Pass-throughs like the Trump Organization win big
“Pass-through” companies like LLCs, partnerships, sole proprietorships, and S corporations, which are overwhelmingly owned by rich individuals like Donald Trump and currently pay normal income tax rates after their earnings are returned to the companies’ owners, would get a huge number of tax cuts too:
- Taxes on pass-through income would be capped at the 25 percent bracket rather than the top individual rate.
- Pass-through companies would still be able to deduct interest on loans in full, unlike C-corporations.
- The 25 percent bracket creates a huge loophole for rich people, who could incorporate as sole proprietorships and “contract” with their employers so their income is pass-through income rather than wages.
- To partially control that, the law would assume that 100 percent of earnings from professional services firms, like law firms and accounting firms, is wages, not pass-through income. For other businesses, people actively involved in the business as more than passive investors would see 70 percent of their income classified as wages and taxed normally, and 30 percent taxed at the pass-through rate.
Two other significant tax provisions are abolished:
- The alternative minimum tax, which increases taxes for certain affluent or upper-middle-class households, is repealed.
- The exemption for the estate and gift tax, the most progressive component of the federal tax code, only paid by extremely rich estates, is doubled, further limiting who pays it, and the whole tax is then gradually abolished.
And a brand new 1.4 percent tax on university endowment income is added.
The case for the bill
For the public at large, the case for a massive corporate tax cut is sort of hard to grasp.
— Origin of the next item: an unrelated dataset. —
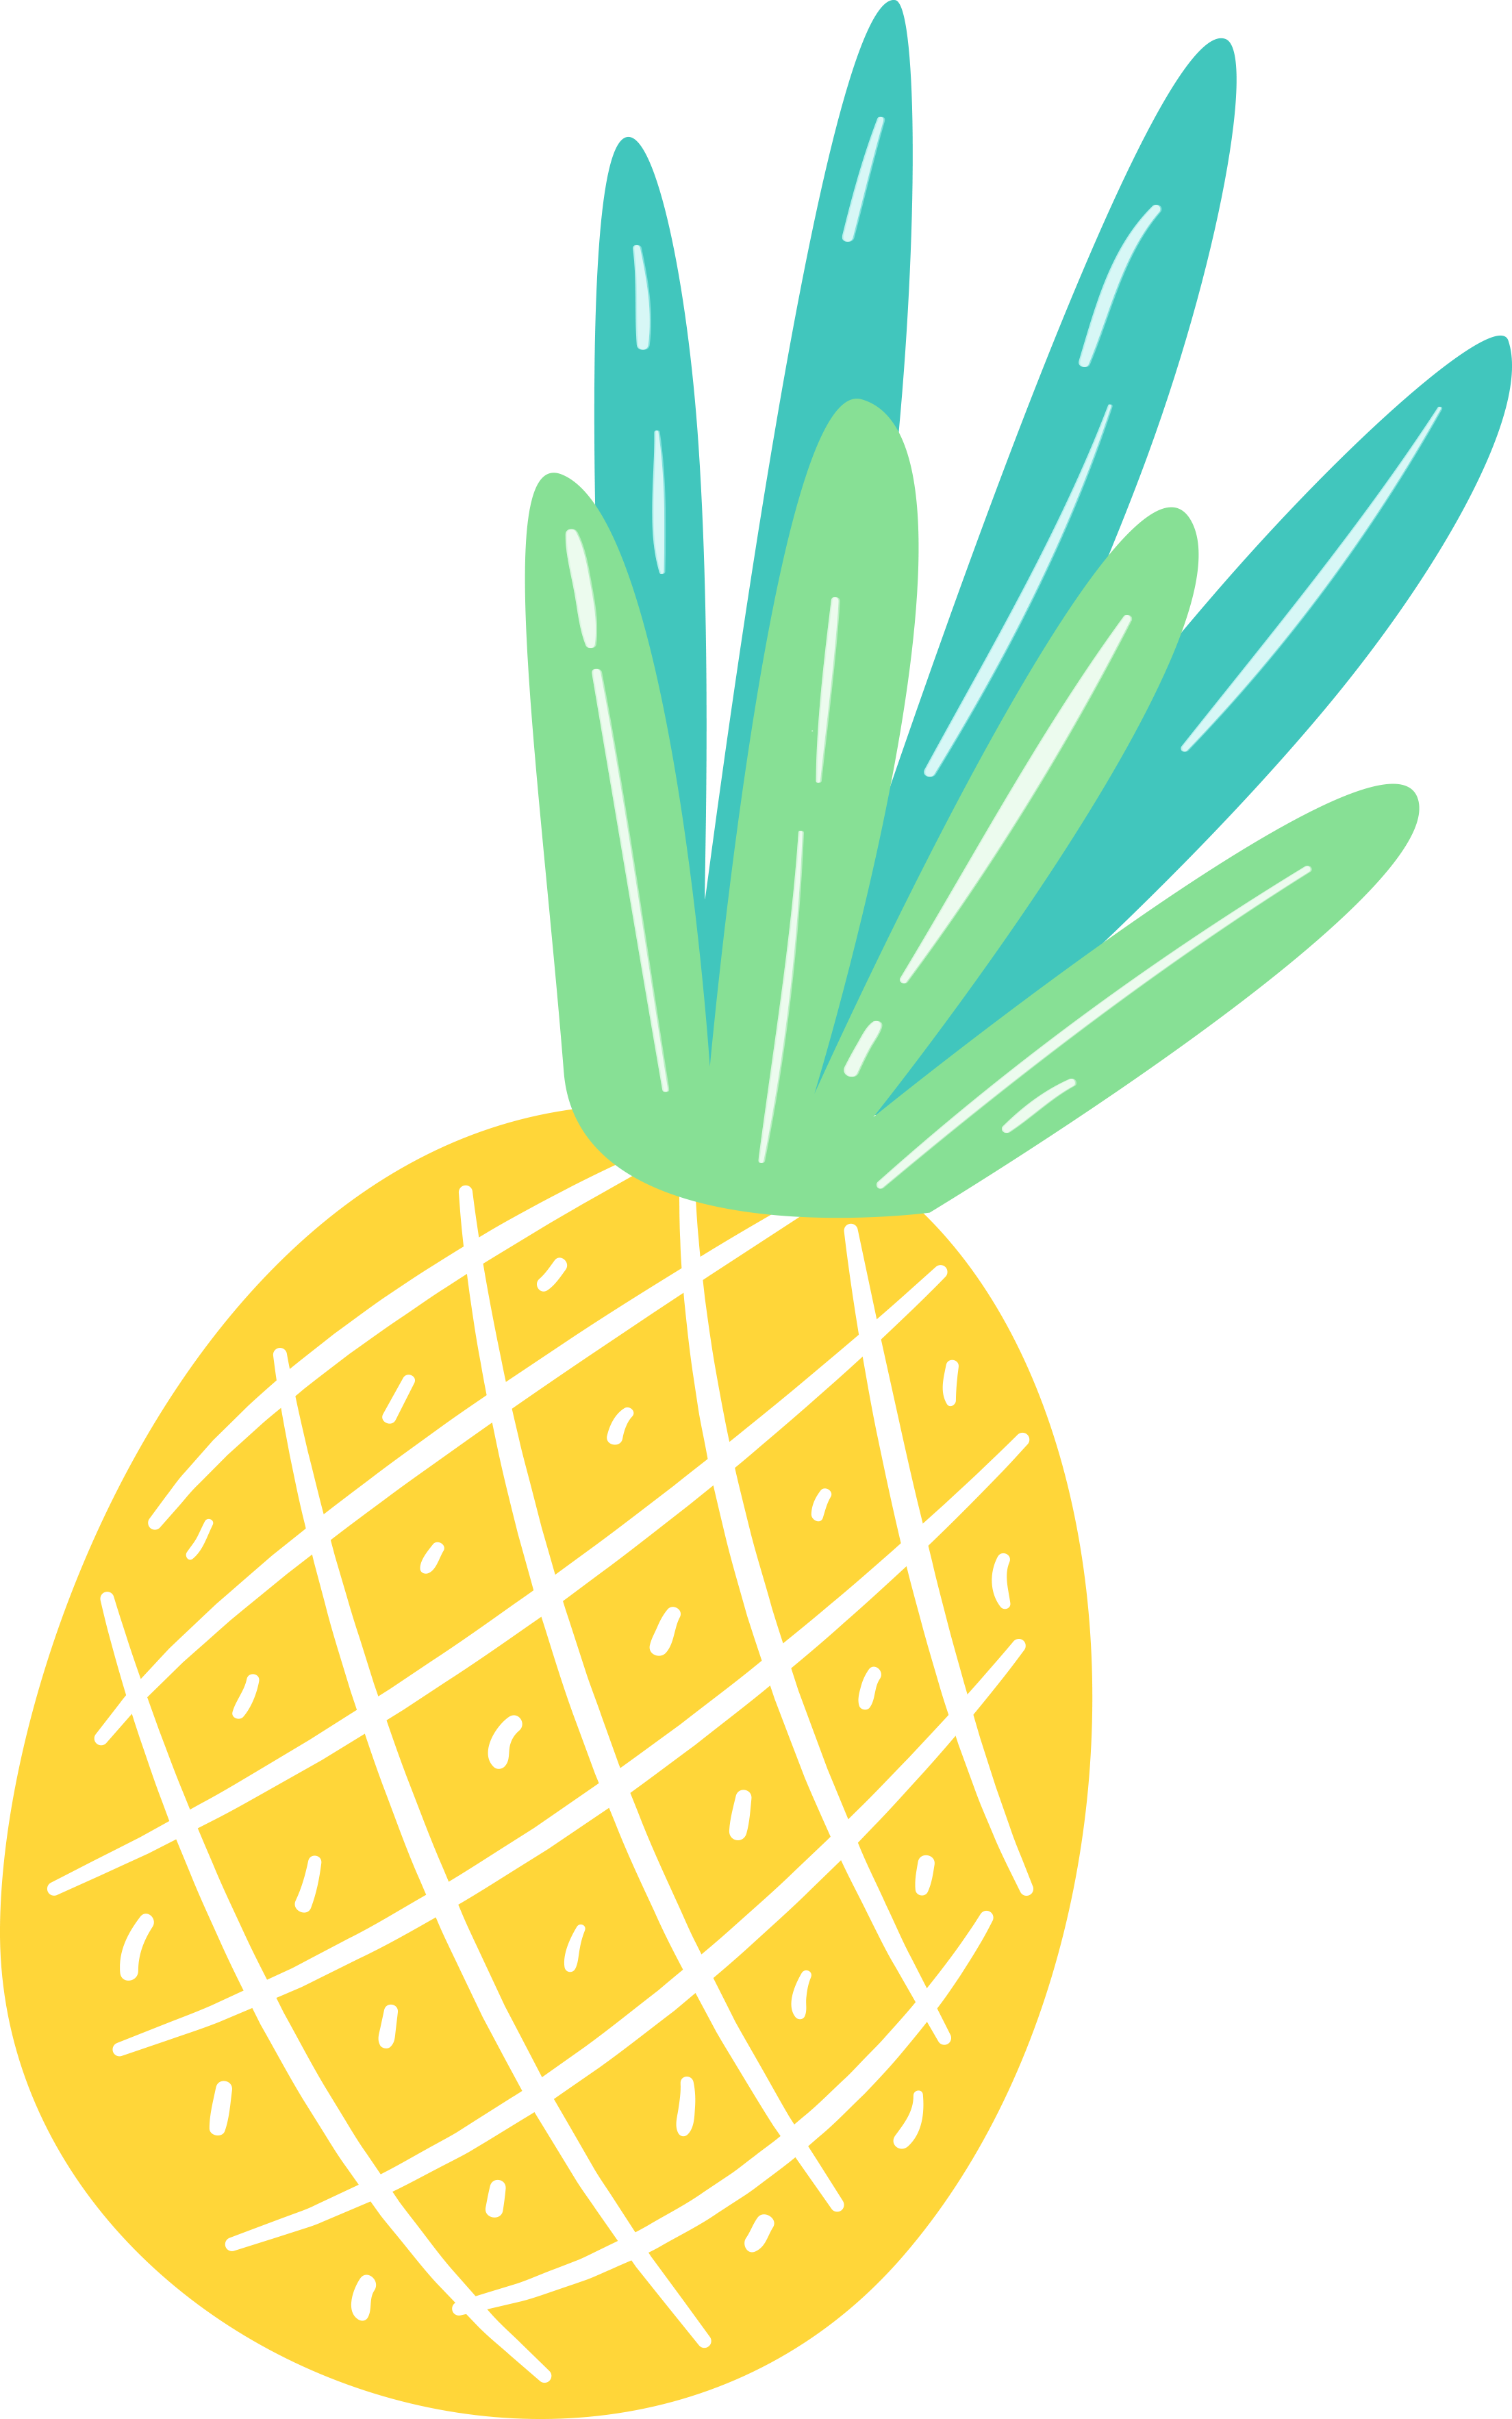 Pineapple clipart summer. Free fun pretty things

Seventy-three percent of Americans, and 53 percent of Republicans, say they want corporate taxes either kept the same or raised, according to Pew Research Center polling. That the cuts are pared with some tax increases on individuals, like the elimination of the deduction for state and local income taxes and the Social Security Number requirement which kicks some 3 million kids off the child tax credit, makes the choice even more confounding.
But the GOP has a specific economic theory that it claims supports the bill and makes the changes it envisions worthwhile.
The basic idea is that while most economists believe corporate taxes are primarily paid by owners of capital (that is, people who own stock in corporations) in the form of lower profits, a sizable minority, including White House chief economist Kevin Hassett, think that a large share of the tax is paid by workers in the form of lower wages.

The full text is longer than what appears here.